Thursday, July 7, 2011

Career paths

In a previous post, I said:

From where I'm sitting there are two ways to approach this [career choice]:
1. Here's what I want to do, how do I do it?
2. Here's what I want to study, what can I do with it?

I had a feeling this would come back to bite me. Thinking back to what I’ve done, this was/has/is not the way things have worked out for me. But let’s dwell on Megan McArdle instead:

Megan McArdle is the business and economics editor for The Atlantic. She has worked at three start-ups, a consulting firm, an investment bank, a disaster recovery firm at Ground Zero, and the Economist.

Megan McArdle was born and raised on the Upper West Side of Manhattan, and yes, she does enjoy her lattes, as well as the occasional extra dry skim milk cappuccino. Her checkered work history includes three start-ups, four years as a technology project manager for a boutique consulting firm, a summer as an associate at an investment bank, and a year spent as sort of an executive copy girl for one of the disaster recovery firms at Ground Zero . . . all before the age of 30.

While working at Ground Zero, she started Live from the WTC, a blog focused on economics, business, and cooking. She may or may not have been the first major economics blogger, depending on whether we are allowed to throw outlying variables such as Brad Delong out of the set. From there it was but a few steps down the slippery slope to freelance journalism. For the past four years she has worked in various capacities for The Economist, where she wrote about economics and oversaw the founding of Free Exchange, the magazine's economics blog. She has also maintained her own blog, Asymmetrical Information, which moved to the Atlantic Monthly, along with its owner, in August 2007.

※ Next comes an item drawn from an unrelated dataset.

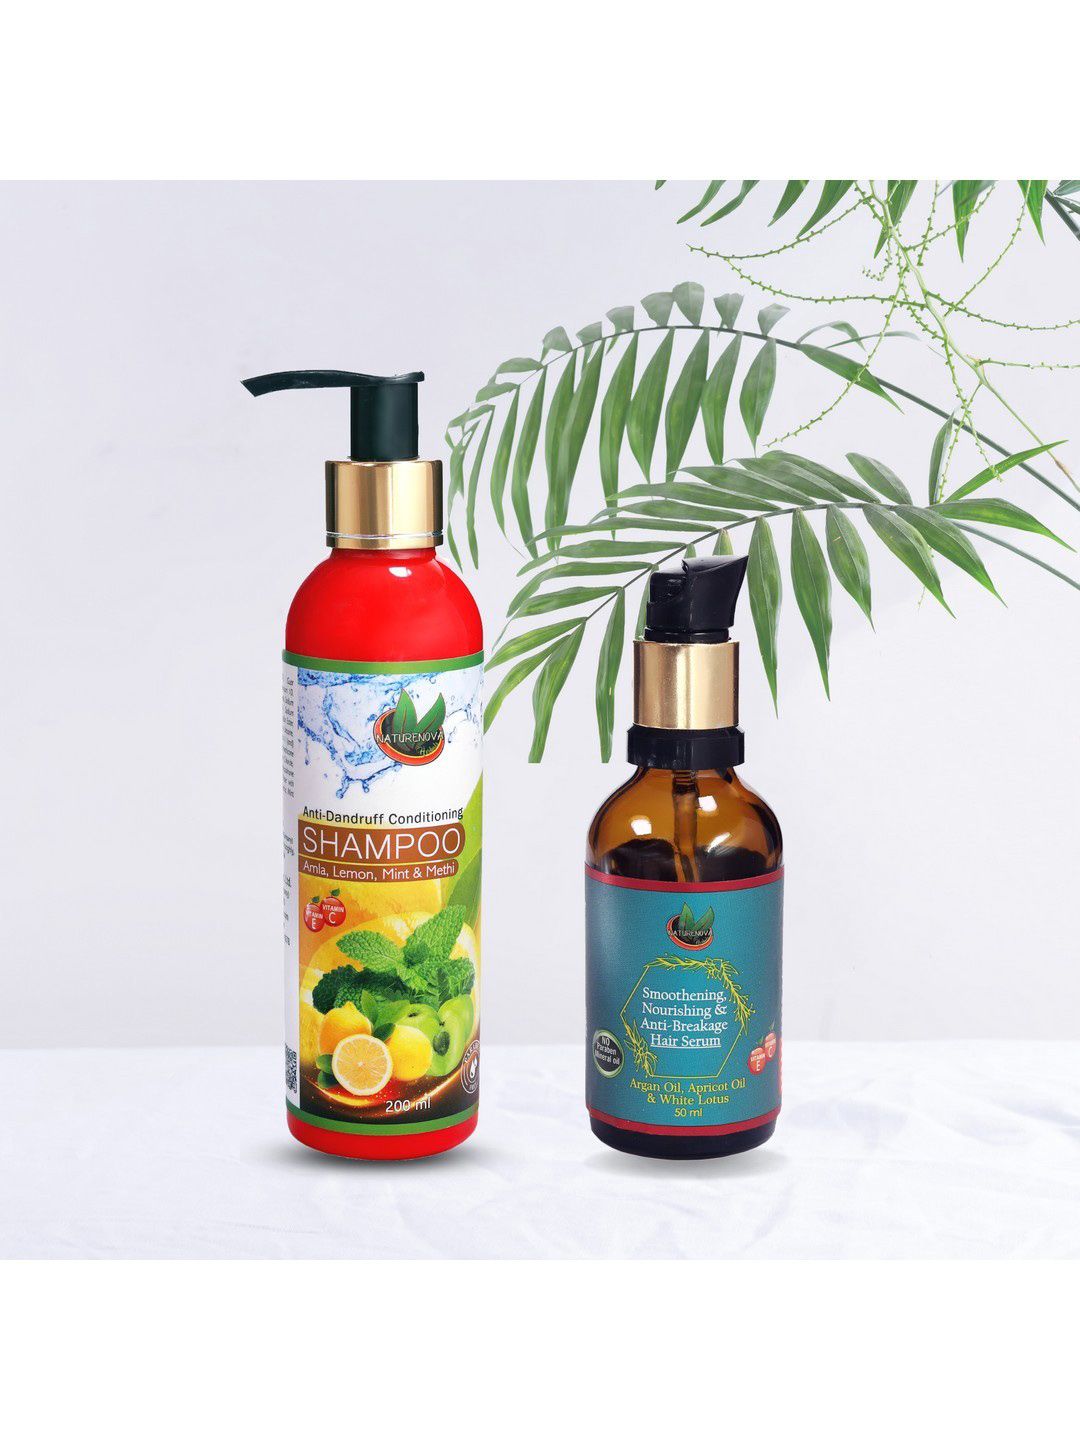 NatureNova Herbals Set of Anti-Dandruff Shampoo 200ml & Anti-Breakage Hair Serum 50ml Price in India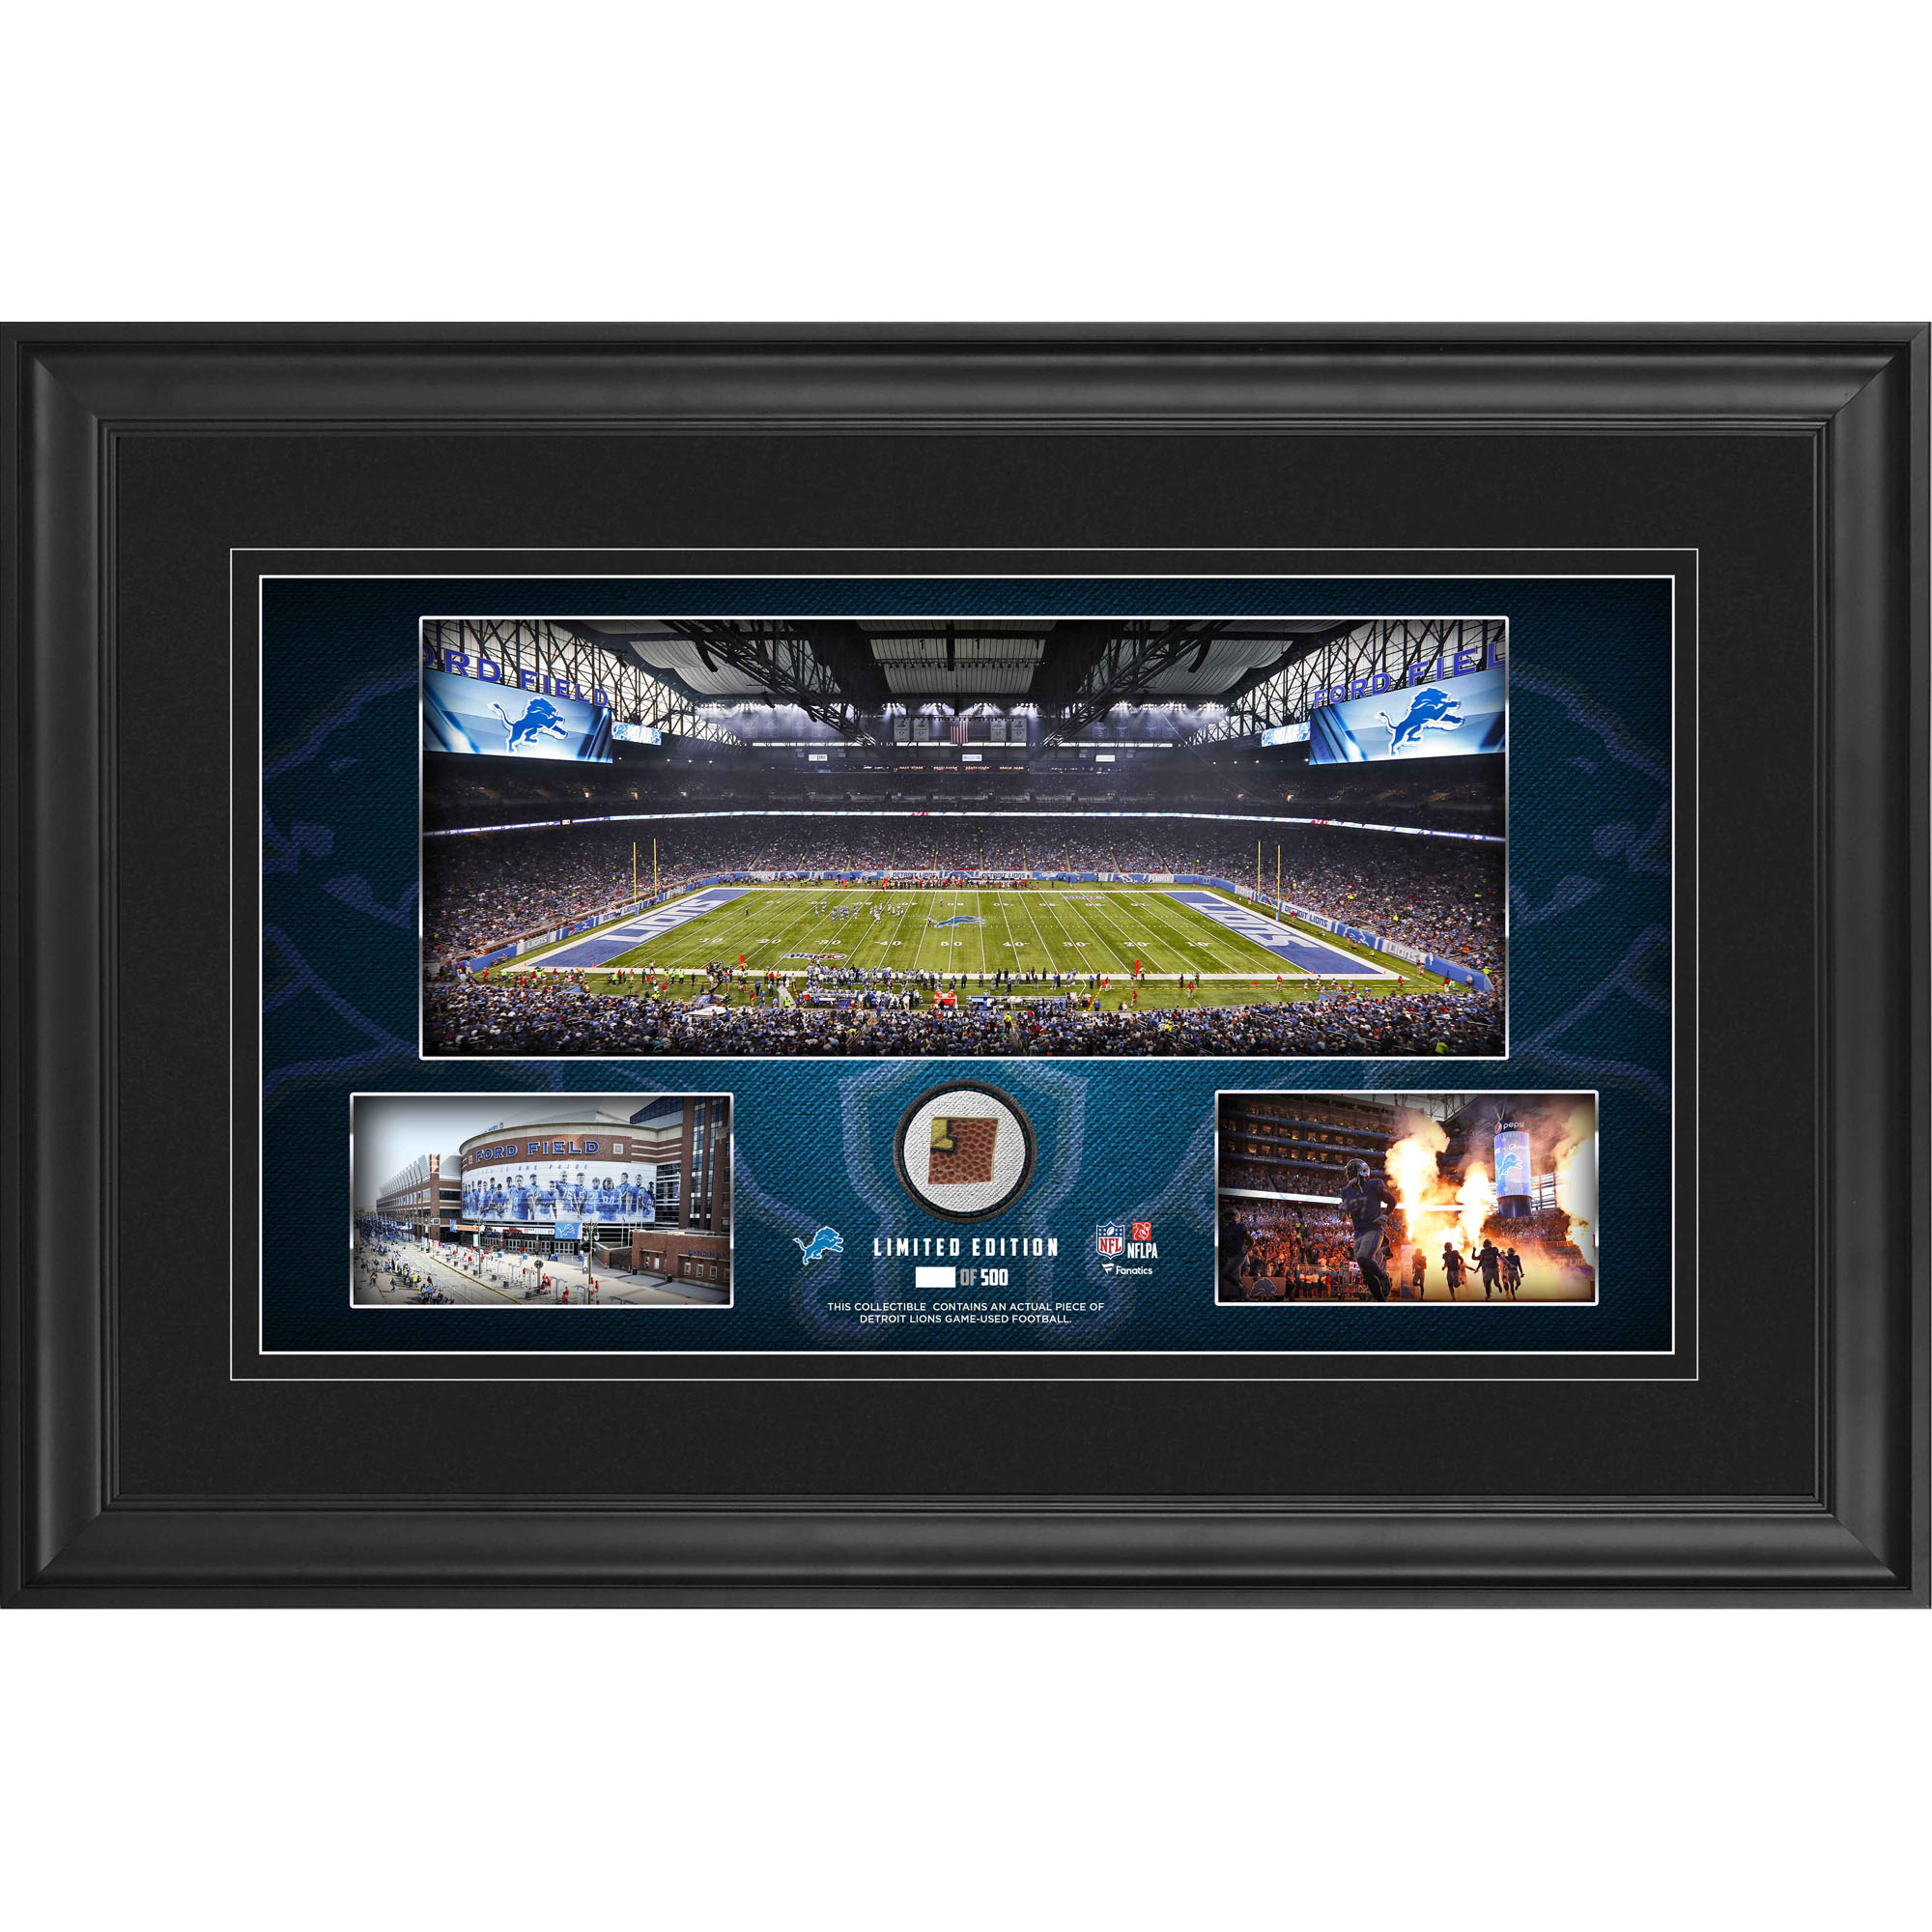 Detroit Lions – gerahmte Stadion-Panoramacollage, 10 x 18 Zoll, mit beim Spiel verwendetem Football – limitierte Auflage von 500 Stück

Megan holds a bachelor's degree in English literature from the University of Pennsylvania, and an MBA from the University of Chicago. After a lifetime as a New Yorker, she now resides in northwest Washington DC, where she is still trying to figure out what one does with an apartment larger than 400 square feet.

How typical is a straight and narrow career path, i.e. a pre-med major who goes on to medical school and stays on as a doctor until retirement? Or a high-school drop-out who goes to work as a carpenter and stays in construction for the rest of his life, either in a skilled trade or construction manager?